Revision history for this message
mrtwister (mrtwister) wrote :

I am also affected by this bug. I'm afraid but Claude's solution didn't work for me.

Revision history for this message
David Robert Lewis (afrodeity) wrote :

afrodeity@afrodeity-desktop:~$ dmesg | grep -i hda
[ 28.004034] HDA Intel 0000:80:01.0: PCI INT A -> GSI 17 (level, low) -> IRQ 17
[ 28.004087] HDA Intel 0000:80:01.0: setting latency timer to 64
[ 28.004091] HDA Intel 0000:80:01.0: PCI: Disallowing DAC for device
[ 28.116404] input: HDA Digital PCBeep as /devices/pci0000:80/0000:80:01.0/input/input6
[ 36.449268] hda-intel: IRQ timing workaround is activated for card #0. Suggest a bigger bdl_pos_adj.
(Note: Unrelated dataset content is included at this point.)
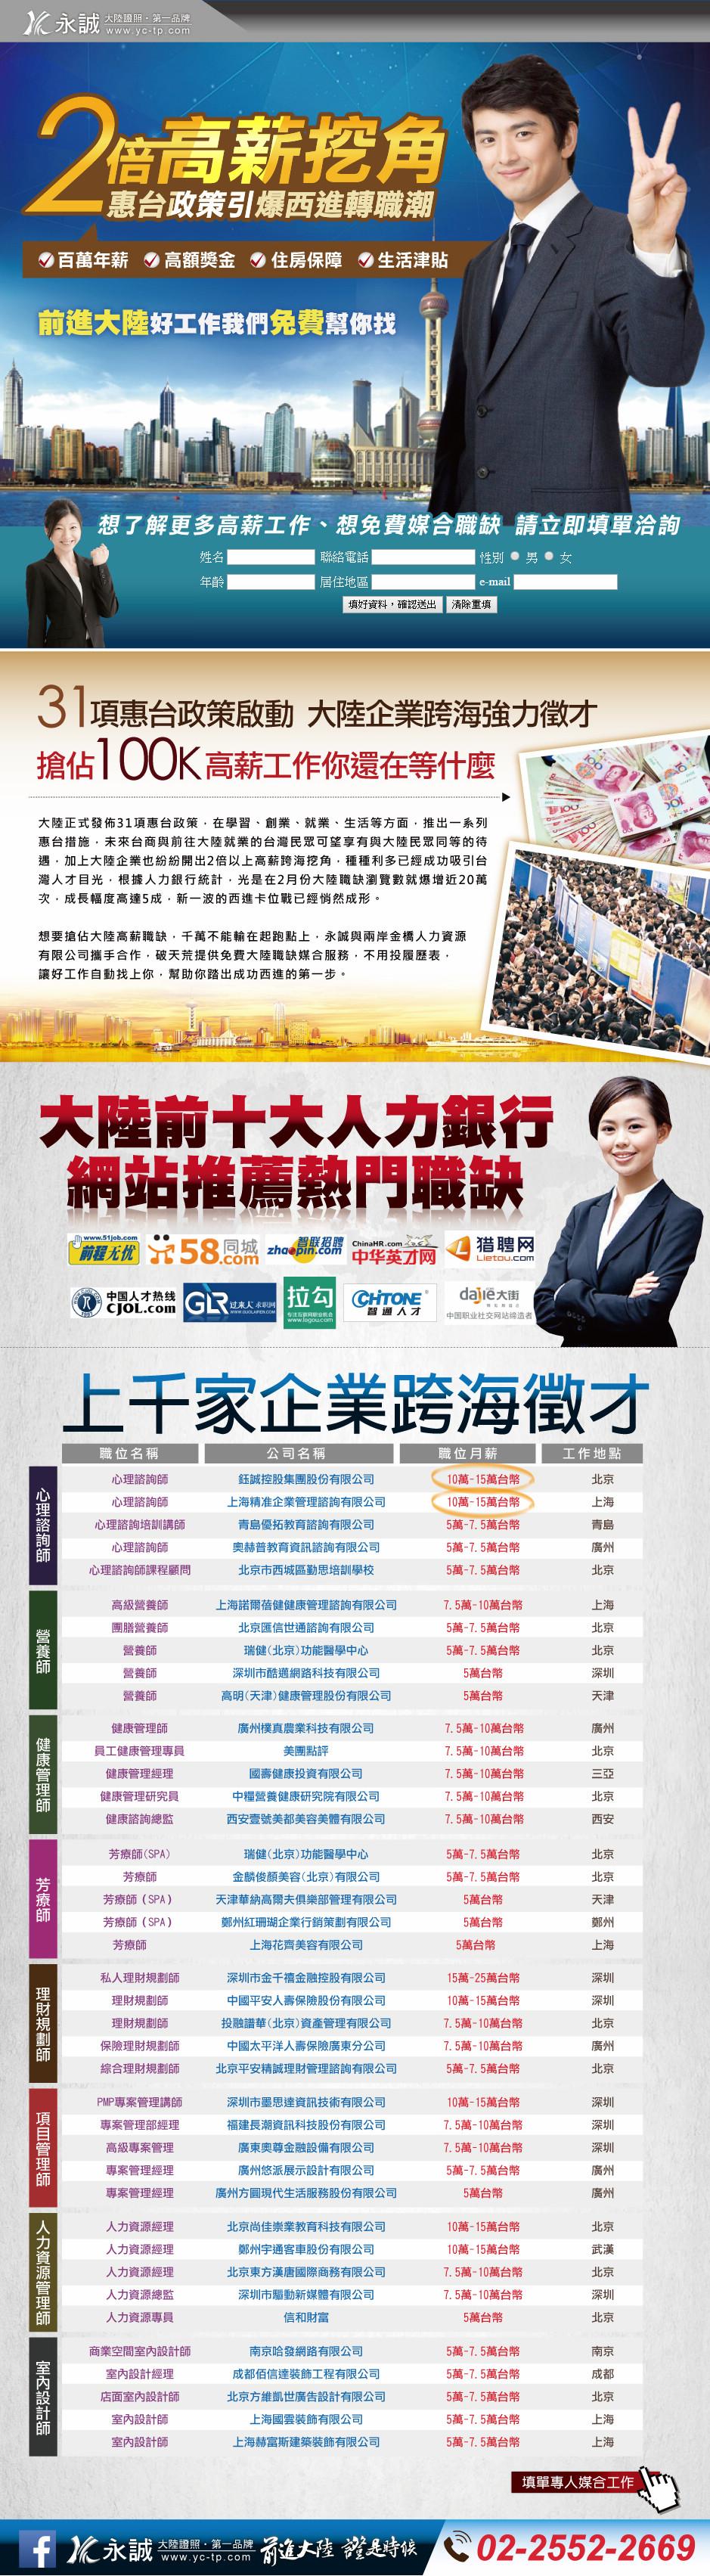 大陸惠台政策引爆西進轉職潮

afrodeity@afrodeity-desktop:~$ lspci -vvv | grep Audio -A 10
80:01.0 Audio device: VIA Technologies, Inc. VT1708/A [Azalia HDAC] (VIA High Definition Audio Controller) (rev 10)
 Subsystem: Biostar Microtech Int'l Corp Device 820f
 Control: I/O- Mem+ BusMaster+ SpecCycle- MemWINV- VGASnoop- ParErr- Stepping- SERR- FastB2B- DisINTx-
 Status: Cap+ 66MHz- UDF- FastB2B- ParErr- DEVSEL=fast >TAbort- <TAbort- <MAbort- >SERR- <PERR- INTx-
 Latency: 0, Cache Line Size: 64 bytes
 Interrupt: pin A routed to IRQ 17
 Region 0: Memory at bfffc000 (64-bit, non-prefetchable) [size=16K]
 Capabilities: <access denied>
 Kernel driver in use: HDA Intel
 Kernel modules: snd-hda-intel

Revision history for this message
Balazs Oveges (ovegesb) wrote :

I get the same error in messages. My system is unstable, but I don't know if this bug is the reason. I attached the lspci-vvnn.log

Revision history for this message
Balazs Oveges (ovegesb) wrote :

I get the same error in messages under Karmic Koala. My system is unstable, but I don't know if this bug is the reason. I attached the lspci-vvnn.log

Revision history for this message
Locque (locque69) wrote :

I too am having the same issue. It was working fine for a while. Got home from work today and no sound... I've attached lspci.out with `cat /proc/interrupts` appended at the bottom...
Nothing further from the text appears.